27/03/2019 – TU Munich — auf Deutsch lesen

Algae and carbon fibres improve air quality

Researchers have developed a process that could efficiently remove carbon dioxide, a greenhouse gas, from the earth’s atmosphere.


The AlgaeTec at the Technical University of Munich, Ludwig Bölkow Campus, Ottobrunn, south Munich. © Andreas Heddergott/TUM


The carbon fibre reinforcement gives the stone plate extremely high strength, creating possibilities for completely new and efficient construction methods. © A. Battenberg/TUM


Together with fellow researchers, chemists at the Technical University of Munich (TUM) have developed a process that, according to initial calculations, could efficiently remove carbon dioxide, a greenhouse gas, from the earth’s atmosphere. According to the most recent world climate report (IPCC Special Report on Global Warming of 1.5 °C) this process is of global significance.

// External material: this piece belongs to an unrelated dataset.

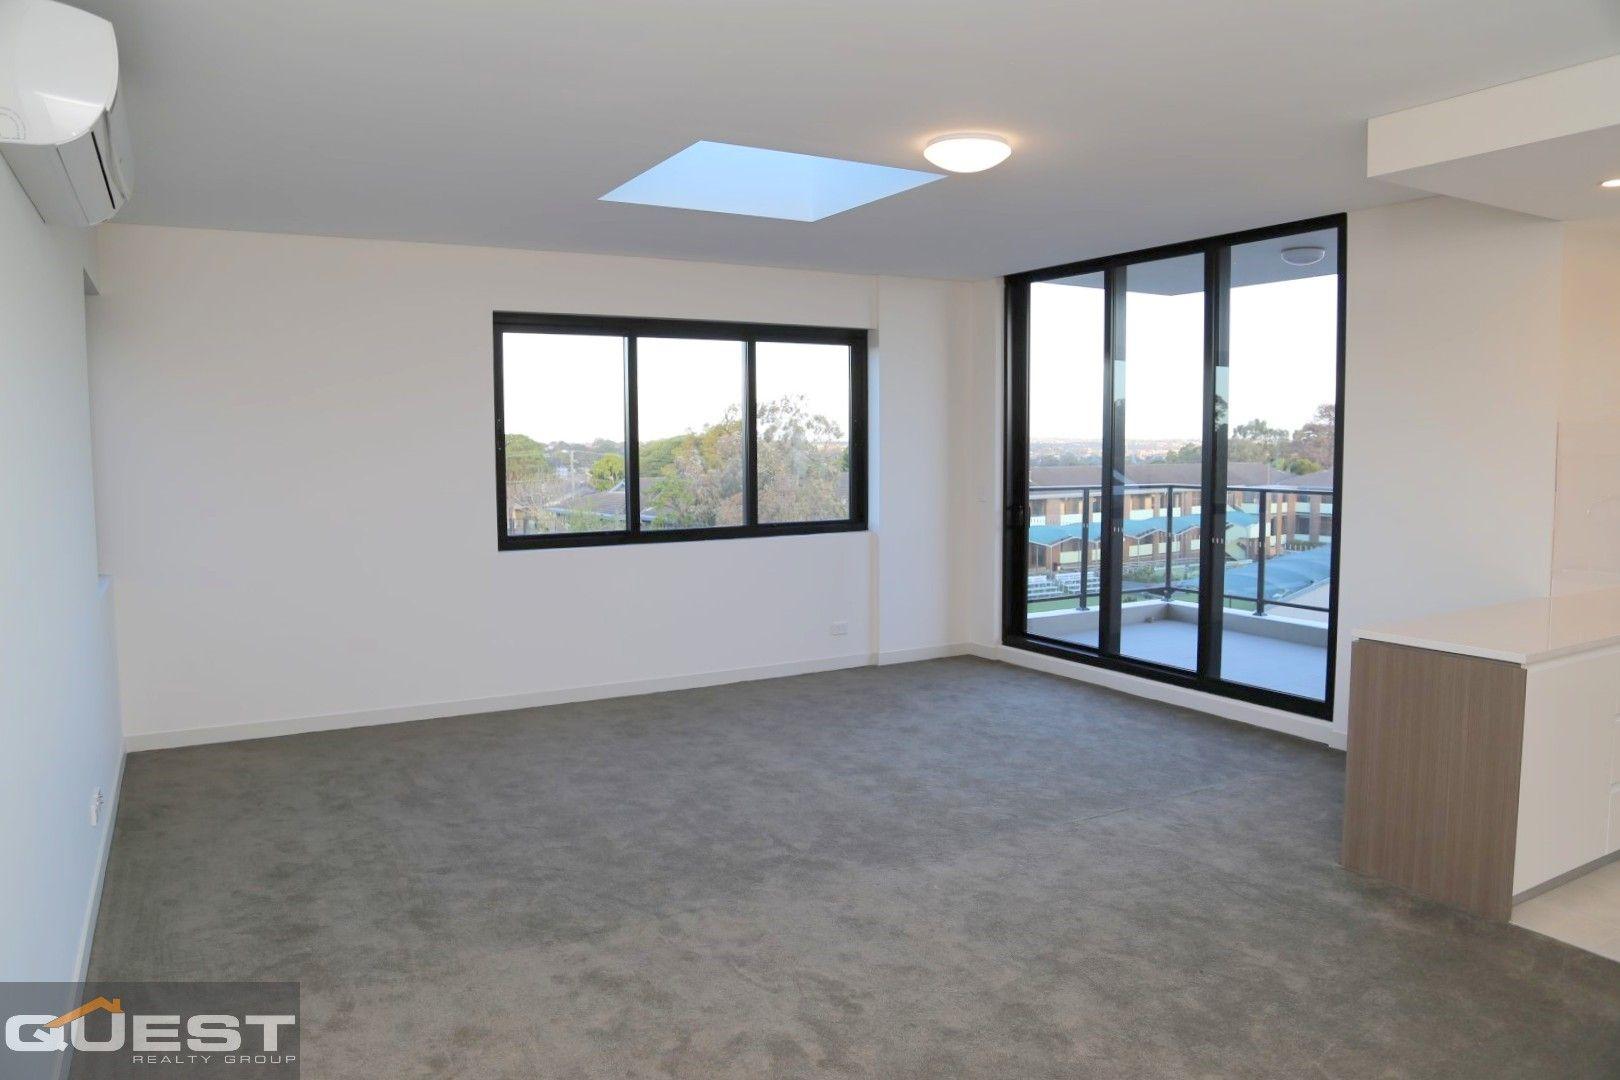 D306/351 Hume Hwy, Bankstown NSW 2200, Image 0

Action is urgently needed if we are still to combat global warming, at least to some degree. In this context, the latest world climate report refers to the technology developed by chemists at the TUM. It functions as a net carbon sink, which could tackle the problem of global warming at its root.

It uses algae that absorb CO2 from the atmosphere, from power plants and steel industry emissions and turn it into algae oil. In a second step, it is then used to produce valuable carbon fibres. Initial analyses show that the process is economically efficient.

A climate-neutral process

The fundamental technological basis was established by Prof. Thomas Brück and his team at the Algae Cultivation Center at the Technical University of Munich. When studying algae, they discovered that they not only produce biofuel but that they can be efficiently made into polyacrylonitrile (PAN) fibres. The energy of parabolic solar reflectors then chars the PAN fibres to yield CO2-neutral carbon fibres.

Carbon fibres can be used to produce lightweight and high-strength materials. At the end of their life cycle, carbon fibres can be stored in empty coal seams, thus permanently removing the associated carbon dioxide equivalents from the atmosphere.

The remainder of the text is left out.